Air Conditioning Unit

by Pamila Gupta
Air conditioning unit and controls. Photos courtesy of Juan Orrantia.

I hate air conditioning in the United States—particularly in places like Washington, DC where humidity levels reach 90 percent during the height of summer. It is sticky outside, and I am melting inside. Yet I still carry a sweater with me every time I go indoors, in anticipation of the freezing temperatures I will encounter in an office building, elevator, or restaurant. The air conditioning units themselves are silent, blowing cold air, most often on overdrive, the remote control in the hands of management. Despite my layers of clothing, I feel miserable—chilled to the bone. I have come to assume air conditioning’s unwanted presence in these spaces. It is second nature.
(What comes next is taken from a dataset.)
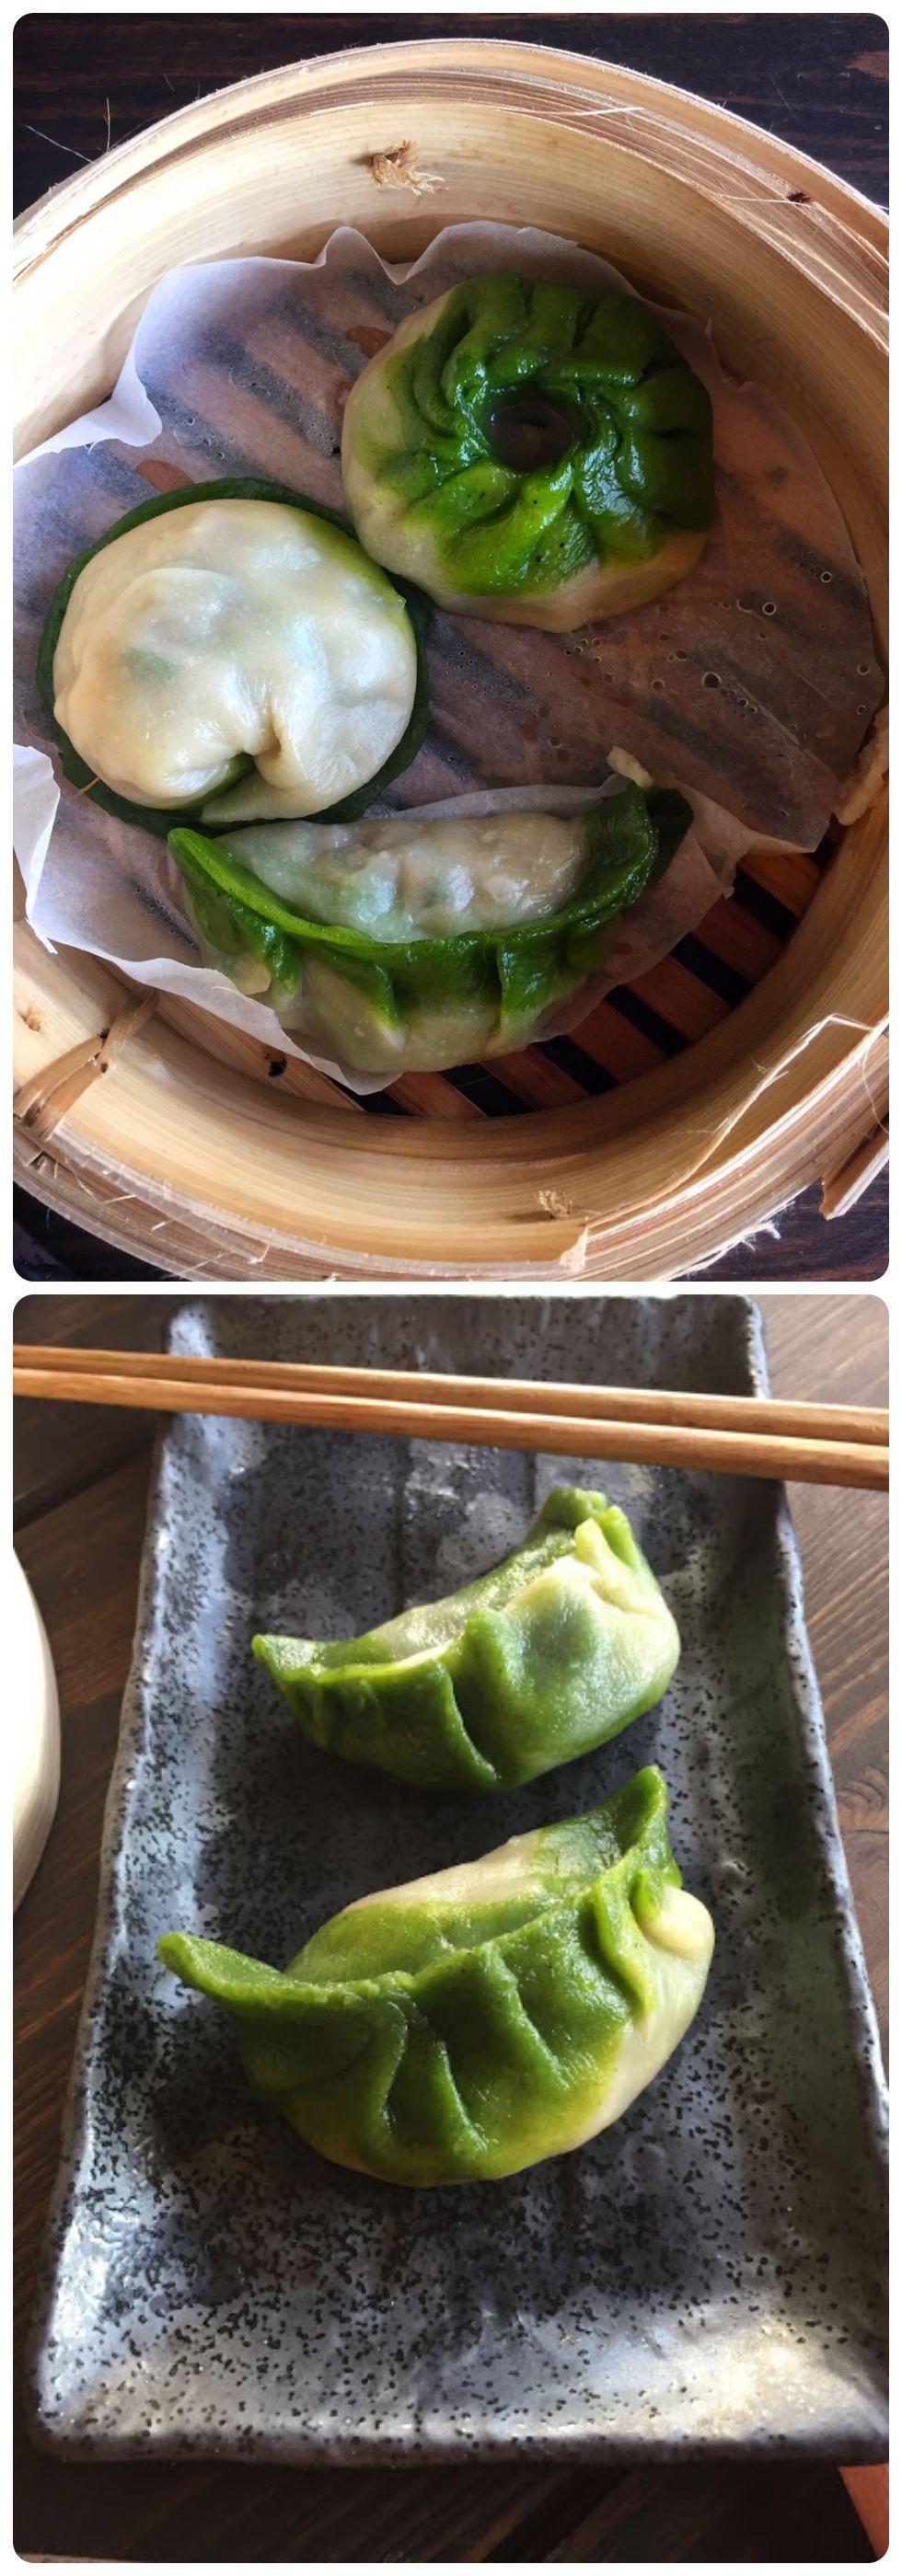 Green & White Dumplings - Chard Dumplings
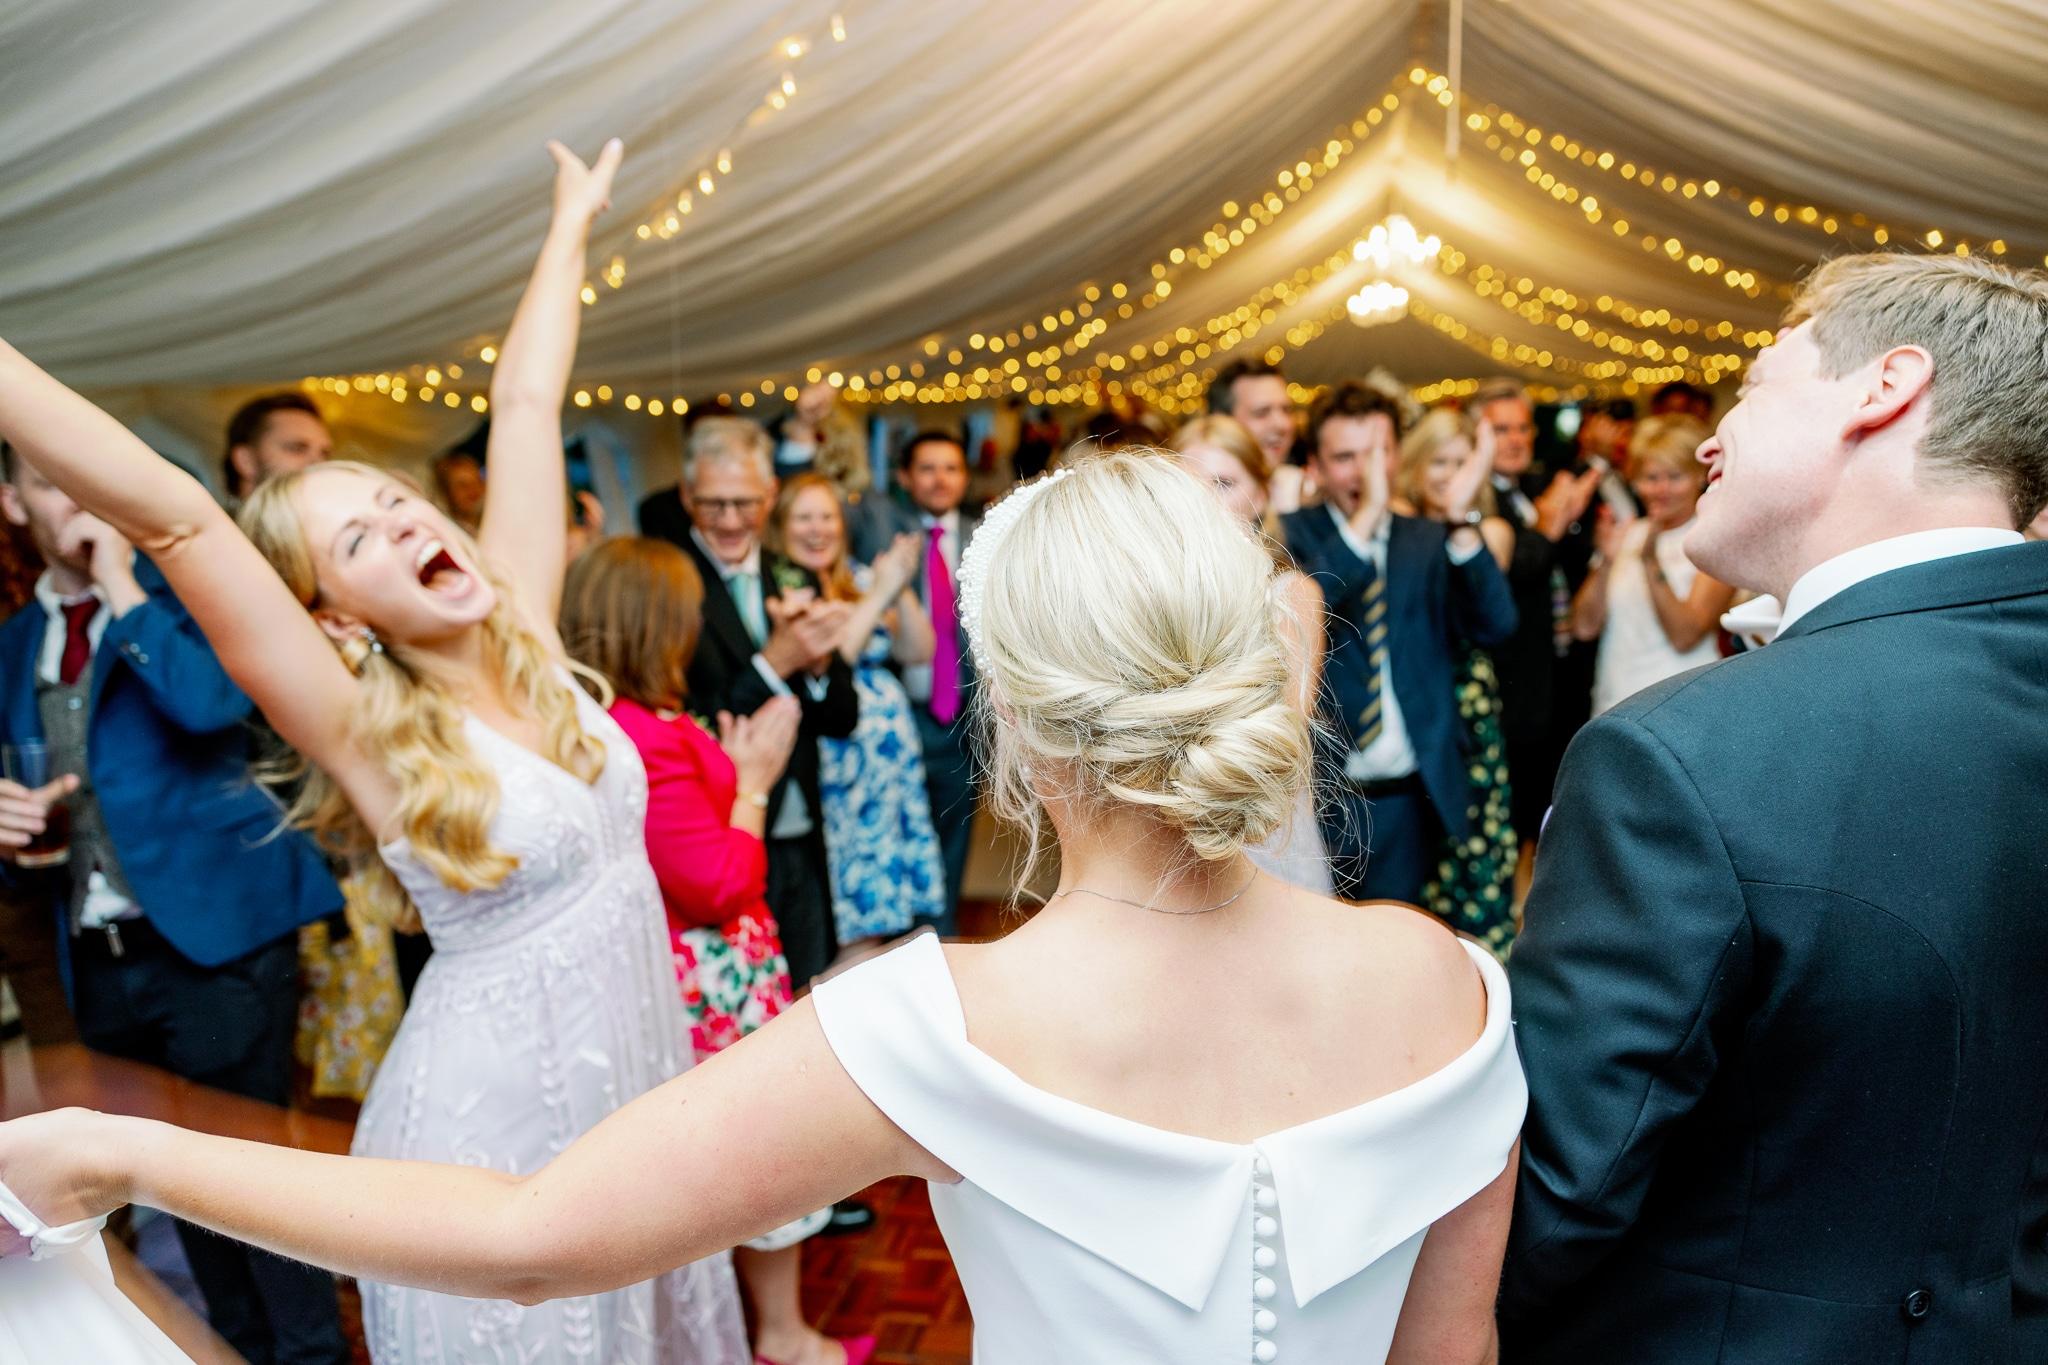 Dancing in East Sussex Marquee wedding venue Brickwall House

I love air conditioning in India. In Goa, turning on the air conditioning goes along with drinking ice cold Coca-Cola out of glass bottles with a straw. Both relieve me, one from heat, another from thirst. The droning sound of the bulky window-mounted unit becomes my white noise during the premonsoon months of March, April, and May. I close the bedroom door and twist the knob one hour before going to sleep. The air conditioning unit does its job slowly. I luxuriate in it, feeling it caress my body before turning it off in anticipation of the electricity bill I will receive at month’s end. I appreciate it as a technology of atmosphere.

Air conditioning removes heat and humidity and cools interiors. It is invisible and often unnoticeable. We feel and hear it. Yet an air-conditioned place is always conditional. It makes the air we breathe no longer free to gulp down on a hot day. Instead, it is directly tied to needs and wants, of access and excess. It is a medium of comfort, a mutable infrastructure.


Simone, Abdou Maliq. 2004. “People as Infrastructure: Intersecting Fragments in Johannesburg.” Public Culture 16, no. 3: 407–429.